I am saying that allowing for JavaScript to be dynamically downloaded and executed after the page is ready was a mistake.
You can build your Google docs, your maps, and figmas. You don’t need JS to be sent after the page is ready to do so.
Thinking about how the web was designed today, isn’t necessarily good when considering how it could work best tomorrow.
Not quite, I wasn't trying to make a bigger point about is/ought dynamics here, I was more curious specifically about the Google Maps example and other instances like it from a technical perspective.
Currently on the web, it's very easy to design a web page where you only pay for what you use -- if I start up a feature, it loads the script that runs that feature; if I don't start it up, it never loads.

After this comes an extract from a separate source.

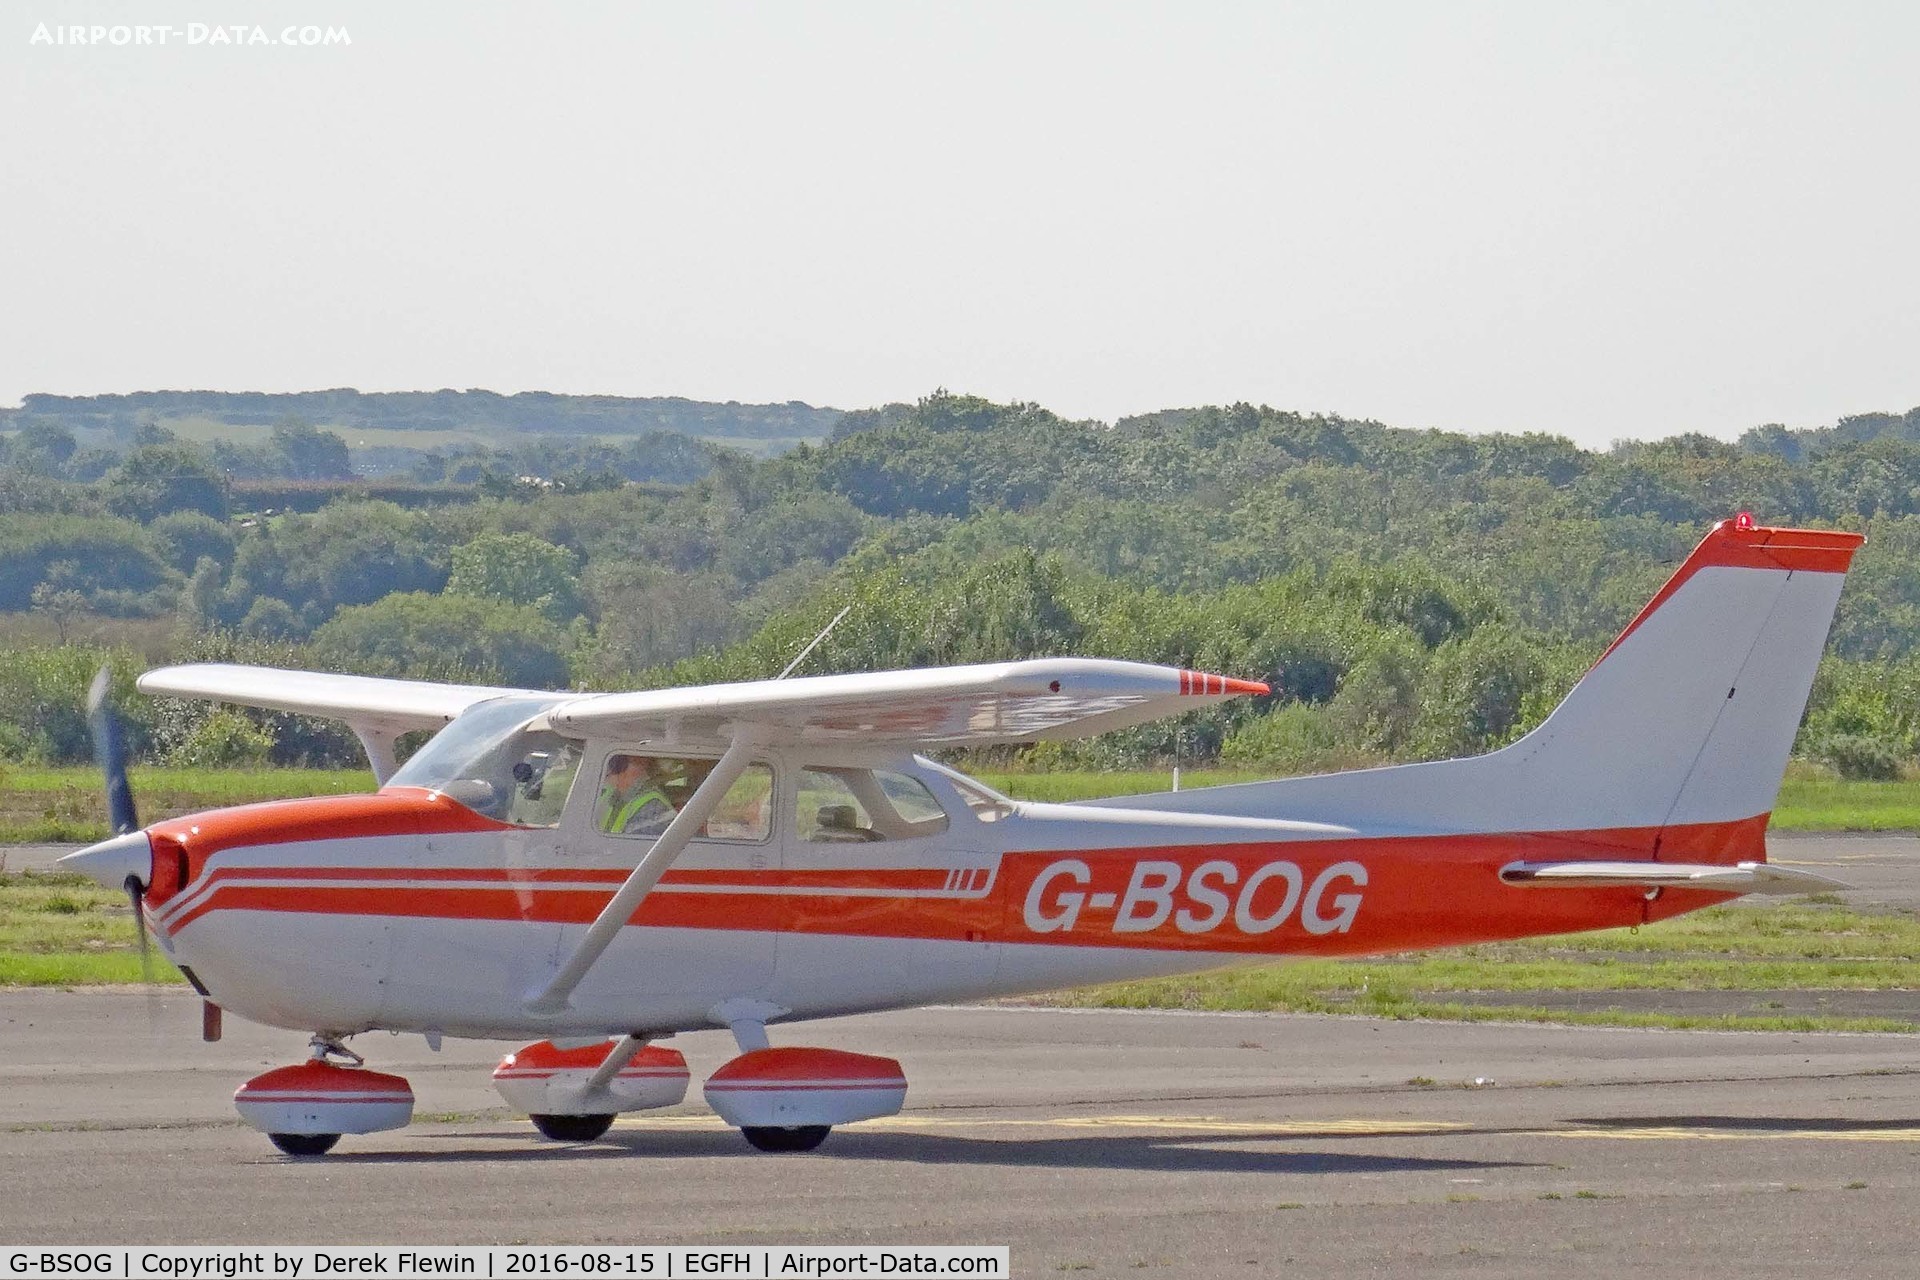 G-BSOG, 1974 Cessna 172M C/N 172-63636, Skyhawk, Staverton Gloucestershire based, previously N1508V, seen taxxing in.

It sounds like in the model proposed above where all scripts are loaded on page-load, I as a user face a clearly worse experience either by A.) losing useful features such as Street View, or B.) paying to load the scripts for those features even when I don't use them.
If you can exchange static content, you need very little scripting to be able to pull down new interactive pieces of functionality onto a page. Especially given that HTML and CSS are capable of so much more today. You see a lot of frameworks moving in this direction, such as RSCs, where we now transmit components in a serializable format.
Trade offs would have to be made during development, and with a complex enough application, there would be moments where it may be tough to support everything on a single page. However. I don’t think supporting single page is necessarily the goal or even the spirit of the web. HTML imports would have avoided a lot of unnecessary compilers, build tools, and runtime JS from being created for example.
Today, what you are saying is definitely a concern, but all APIs are abused beyond their intended uses. That isn’t to say we shouldn’t continue to design good ones that lead users in the intended direction.